Certamente teremos um salto importante. Eu defendo sempre que o professor em sala de aula tem que ter autonomia para dedicar seu conhecimento e para que os alunos entendam o que está sendo passado. O custo benefício é alto: pega uma escola problemática e torna-se essa escola referência.  

Candidato do PSL defende autonomia dos professores em sala de aula – Foto: Marcelo Rocha / O Liberal

Ainda no campo da educação, o seu plano menciona que vai garantir a proibição da ideologia de gênero e de banheiros coletivos nas escolas. Por que a necessidade de incluir um tópico como esse em um plano de governo, que reúne as principais ideias para uma gestão, para além da comunicação com o perfil de eleitor que você quer atingir?
É algo necessário, de extrema relevância nós praticamos essa garantia. Não toleraremos nenhuma ideologia praticada em sala de aula. A única ideologia que funciona nas escolas, seja municipal seja estadual, é a educação. A gente sabe que, não é novidade, num passado não muito distante, nós teríamos isso embutido nos planos de educação.

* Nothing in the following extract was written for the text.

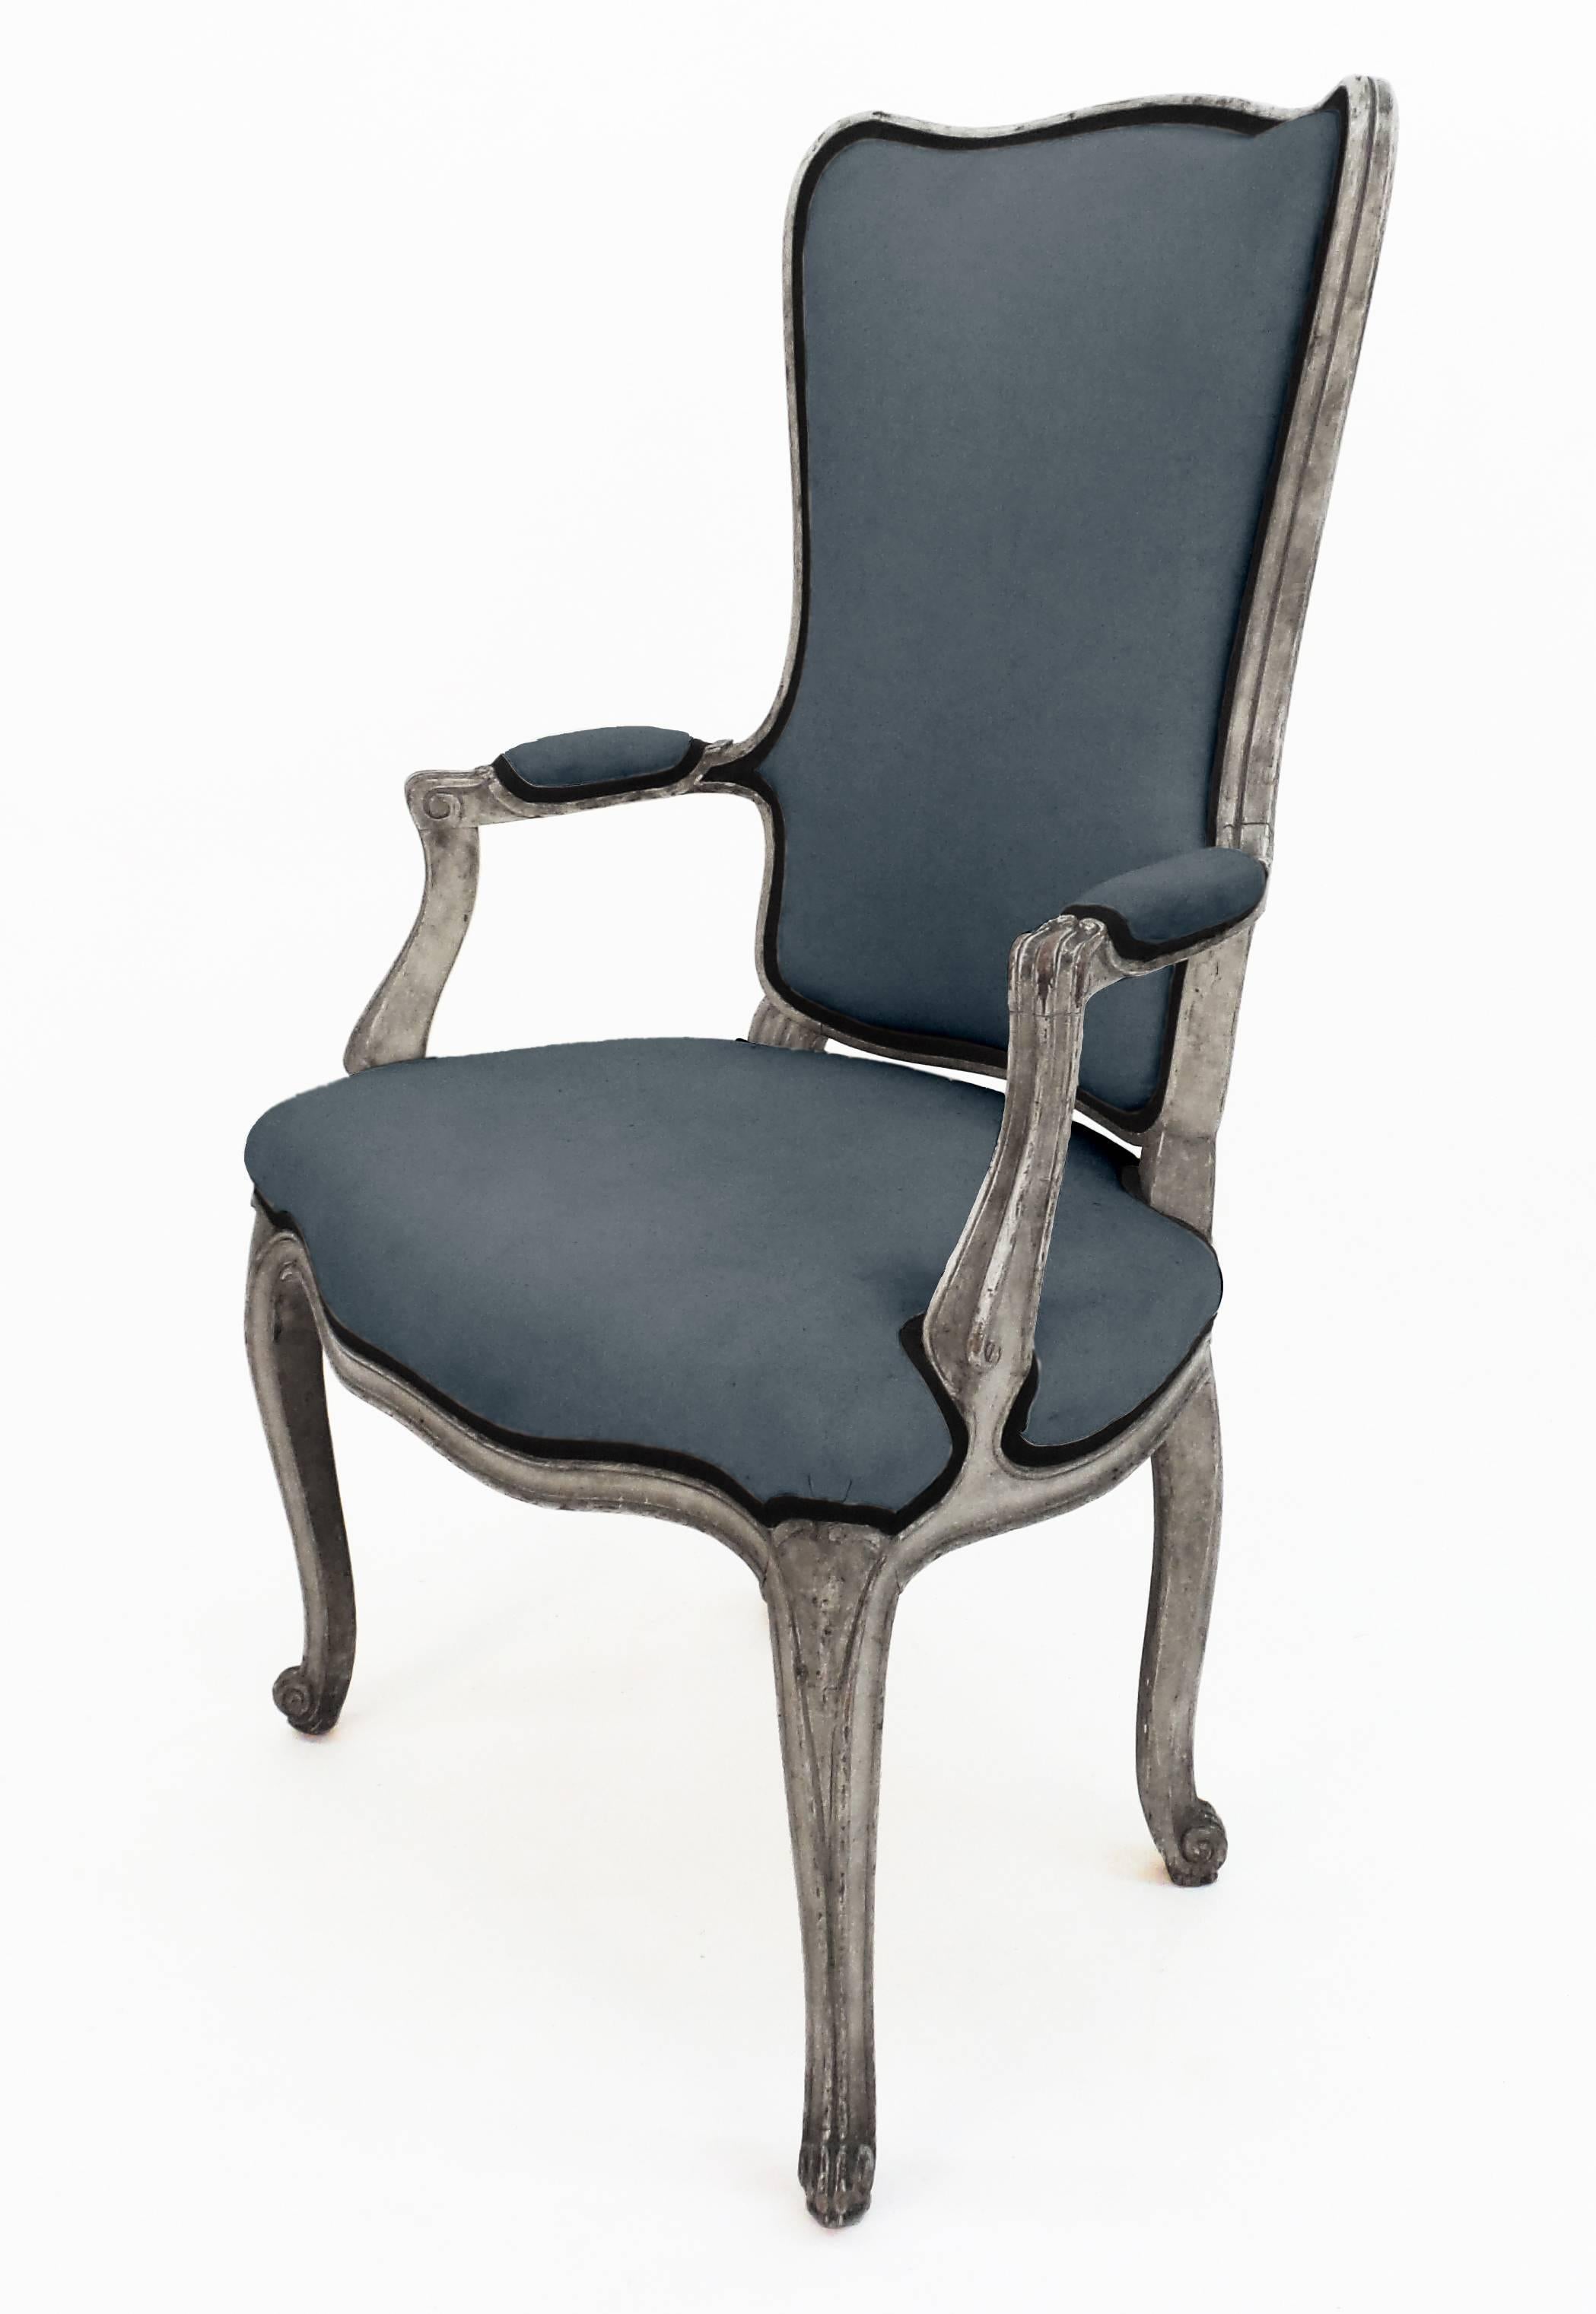 The Beistegui model Louis XV style high back open-arm dining chair, based on Carlos de Beistegui's original and depicted in the painting of Mr, Beistegui's apartment by Jeremiah Goodman. Custom upholstery and finish options available on request.

O próximo secretário municipal também terá esse compromisso em sintonia comigo. Nós, que somos conservadores, que somos de família, nós não precisamos disso dentro das escolas. Nós respeitamos, inclusive, todas as opções sexuais, de orientação sexual. Agora, o que a gente não pode ter é isso como uma matéria, como algo imposto nas escolas, que é o que queriam fazer.

A ideologia de gênero defende que a criança quando nasce não tem sexo. Pera aí. Ela nasceu com um órgão sexual masculino, então ela não é um menino? É totalmente contra, afronta realmente o que a gente tem como certo na nossa sociedade. As opções sexuais ao longo da vida devem ser respeitadas, mas não é algo que a gente precise trazer para o campo da educação.

Quando se refere à Guarda Civil Municipal, seu plano usa a expressão Polícia Municipal. O seu governo vai aplicar essa nomenclatura à corporação?
Temos uma lei aprovada na câmara e sancionada [promulgada] pela própria câmara. Essa alteração certamente valorizará o servidor de segurança na nossa cidade. É uma lei necessária. Tem a sintonia e a aprovação massiva dos patrulheiros.

O seu plano fala em agilidade na aplicação e instalação de redutores de velocidade em frente às escolas, templos religiosos, creches e locais de grande circulação de pedestre. Como você pode definir agilidade e redutores de velocidade nesse caso? Você fala em mais radares?
Não necessariamente. Precisamos ter medidas efetivas. A gente percebe uma demora no que tange a execução de obras e serviços que são de prioridades. Temos uma avenida muito movimentada, que faz conexão com Americana, que é a Avenida São Paulo. Tem sido palco para diversos acidentes e mortes. Algo foi feito, semáforos, mas não foi o suficiente para que a gente tivesse a redução desses números.

Eu defendo essa agilidade na questão do trânsito. Há uma insatisfação grande em relação a essa pasta no município. A população não se sente segura e uma das maiores reclamações é para que essas ações aconteçam.

Vamos reavaliar muitos pontos que hoje em Santa Bárbara tem radar. A gente vê aí radar para todo lado, 50km por hora, locais que você passou um pouquinho ali, precisa levar o filho um pouquinho depressa, passou por 5km e já está sendo multado. Então a gente precisa rever. De repente uma lombada, uma lombofaixa, e a garantia desses redutores frente a locais de grande aglomeração.